Work task: Word for word, copy the lines from the one with "Nutra Tech 400g Canned Dog Food" to the last line of the data below, counting both, and keep every picture out.

Dataset content below:

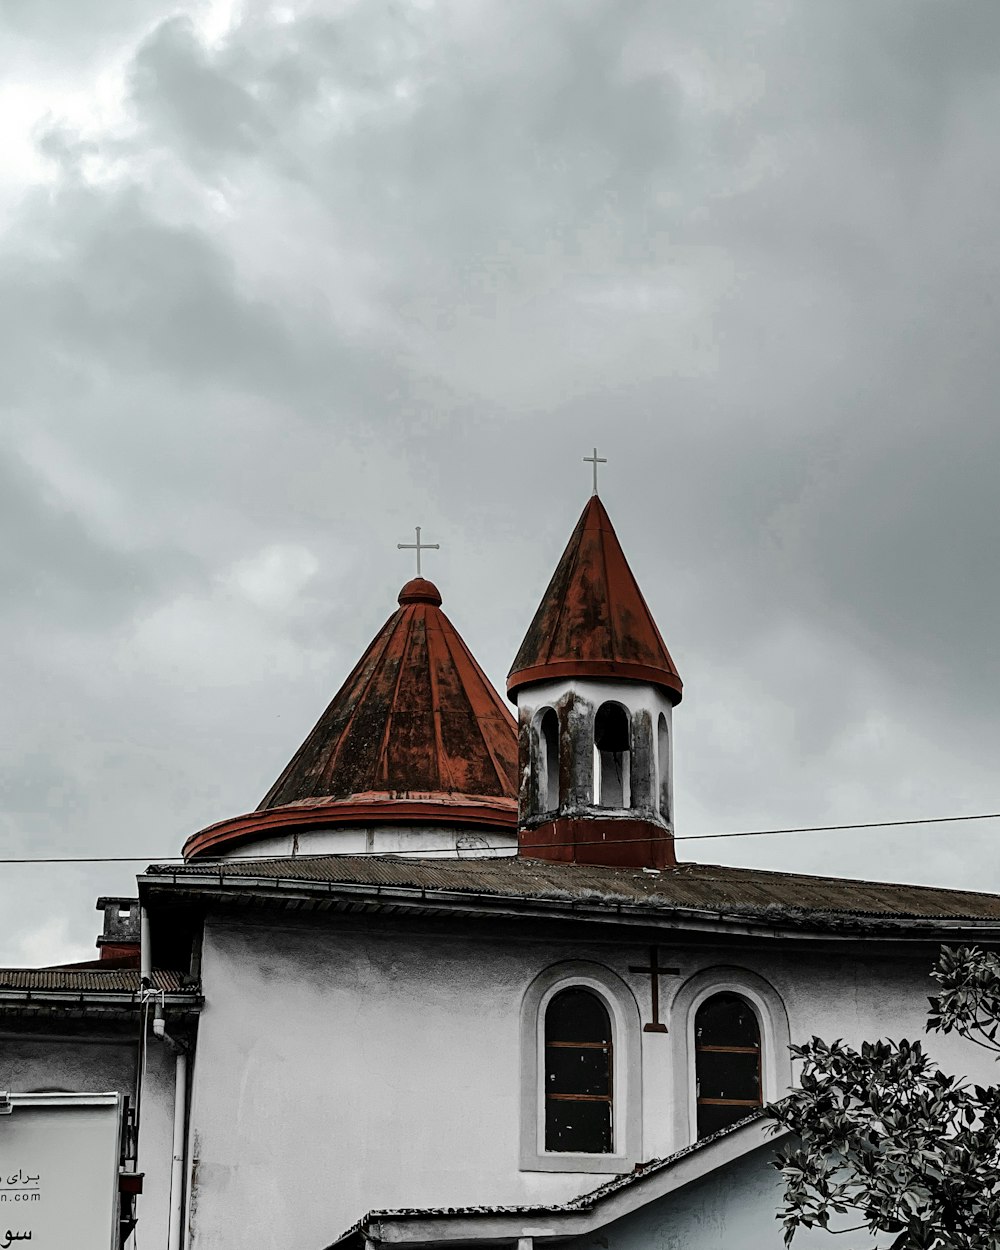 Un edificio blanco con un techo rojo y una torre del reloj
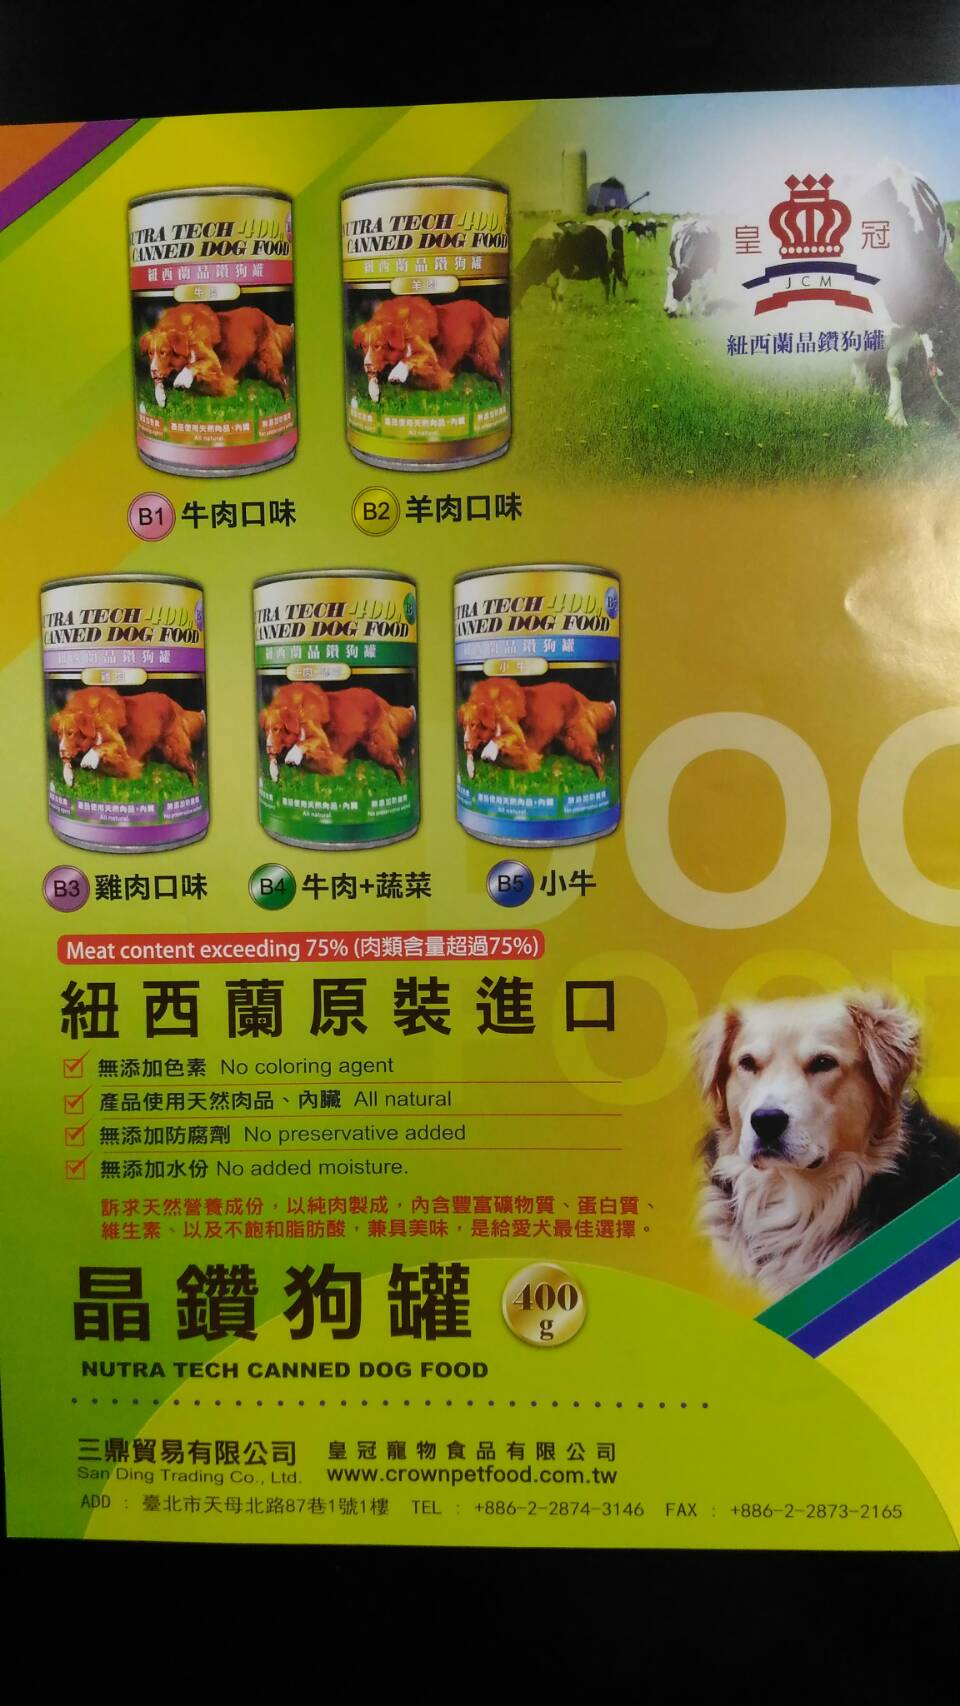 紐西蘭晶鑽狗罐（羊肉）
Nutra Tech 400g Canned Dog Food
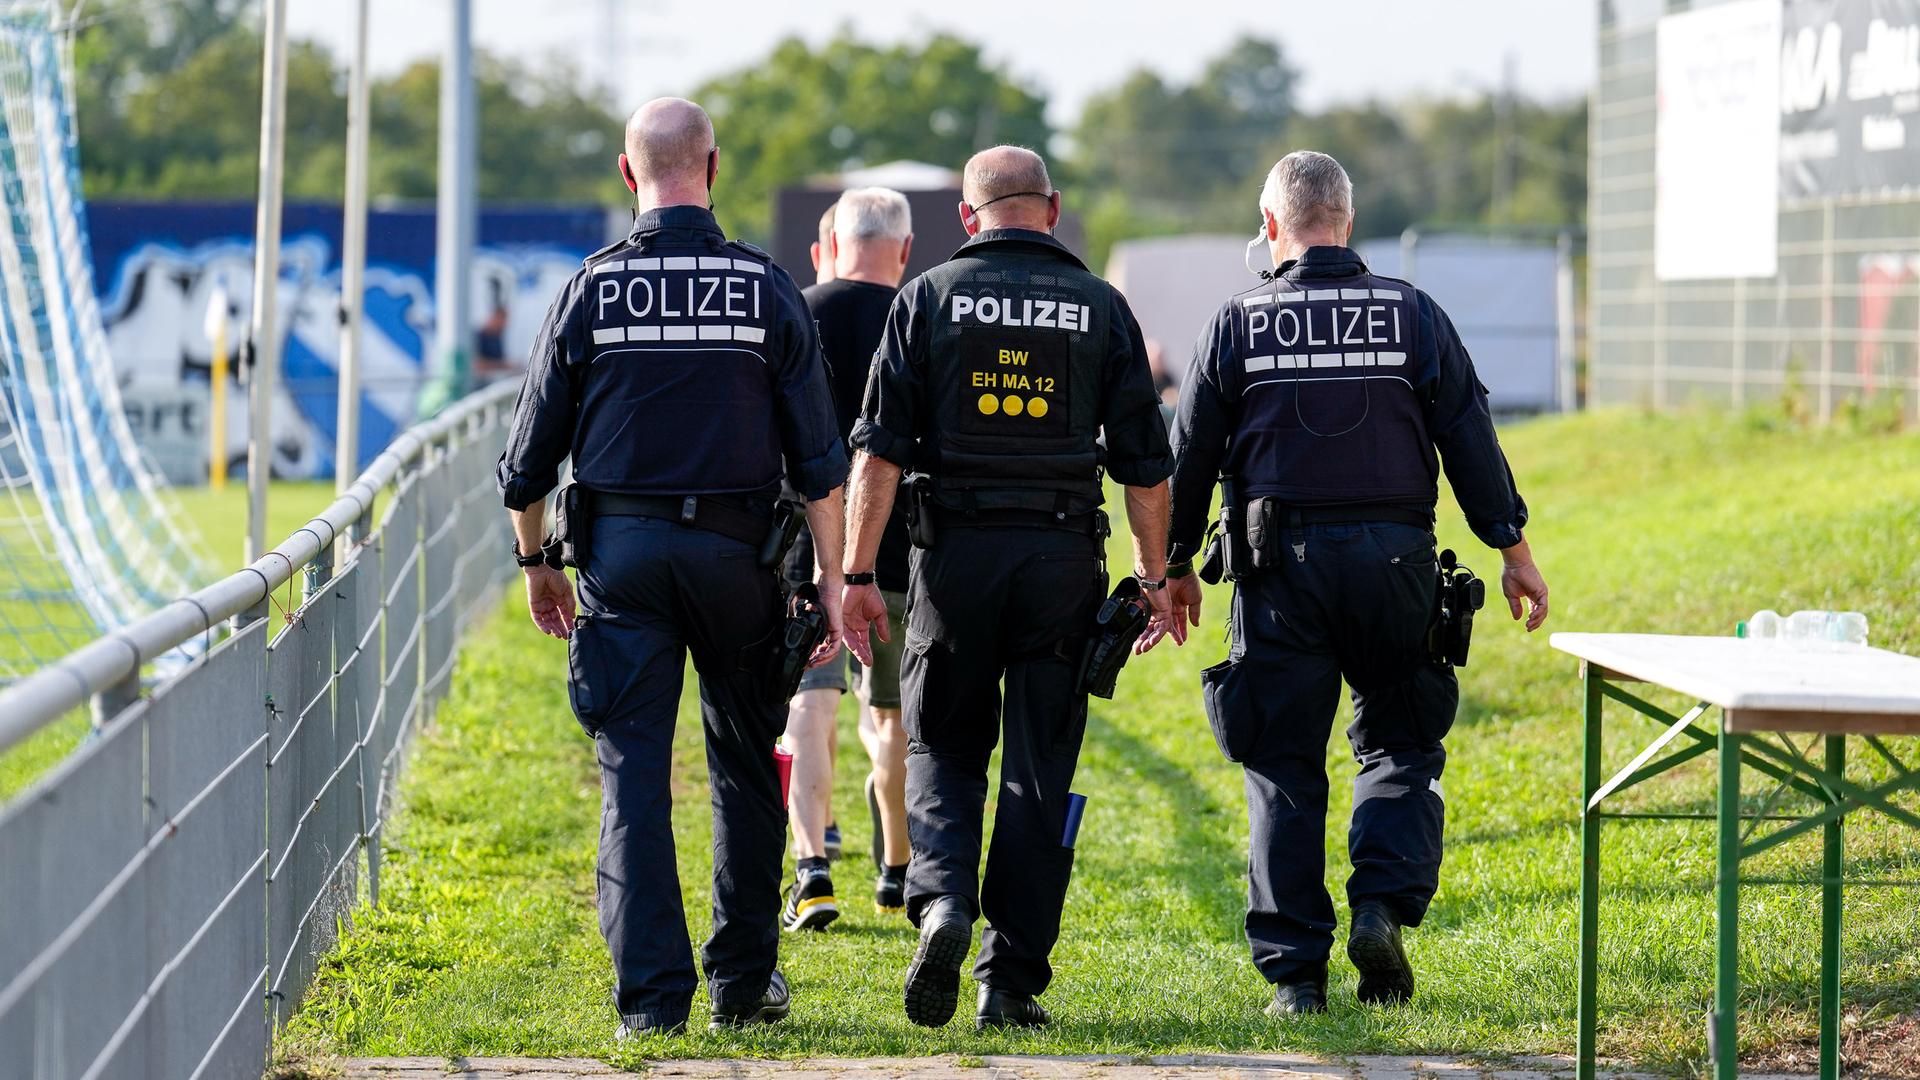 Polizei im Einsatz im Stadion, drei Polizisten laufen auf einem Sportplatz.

End of Dataset content.

Reply:
Nutra Tech 400g Canned Dog Food
 Polizei im Einsatz im Stadion, drei Polizisten laufen auf einem Sportplatz.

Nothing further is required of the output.